* **SUPPLIED DATA**:
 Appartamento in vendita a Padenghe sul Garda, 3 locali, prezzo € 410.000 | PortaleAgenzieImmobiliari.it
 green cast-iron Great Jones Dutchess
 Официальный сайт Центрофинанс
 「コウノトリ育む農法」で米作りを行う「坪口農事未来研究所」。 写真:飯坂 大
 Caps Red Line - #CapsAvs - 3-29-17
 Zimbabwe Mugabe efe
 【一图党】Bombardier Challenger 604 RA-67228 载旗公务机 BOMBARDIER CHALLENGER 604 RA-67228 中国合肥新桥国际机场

* **PROBLEM TO SOLVE**:
Your answer must be an exact transcription of every record above.

* **RESULT OF THIS EXERCISE**:
 Appartamento in vendita a Padenghe sul Garda, 3 locali, prezzo € 410.000 | PortaleAgenzieImmobiliari.it
 green cast-iron Great Jones Dutchess
 Официальный сайт Центрофинанс
 「コウノトリ育む農法」で米作りを行う「坪口農事未来研究所」。 写真:飯坂 大
 Caps Red Line - #CapsAvs - 3-29-17
 Zimbabwe Mugabe efe
 【一图党】Bombardier Challenger 604 RA-67228 载旗公务机 BOMBARDIER CHALLENGER 604 RA-67228 中国合肥新桥国际机场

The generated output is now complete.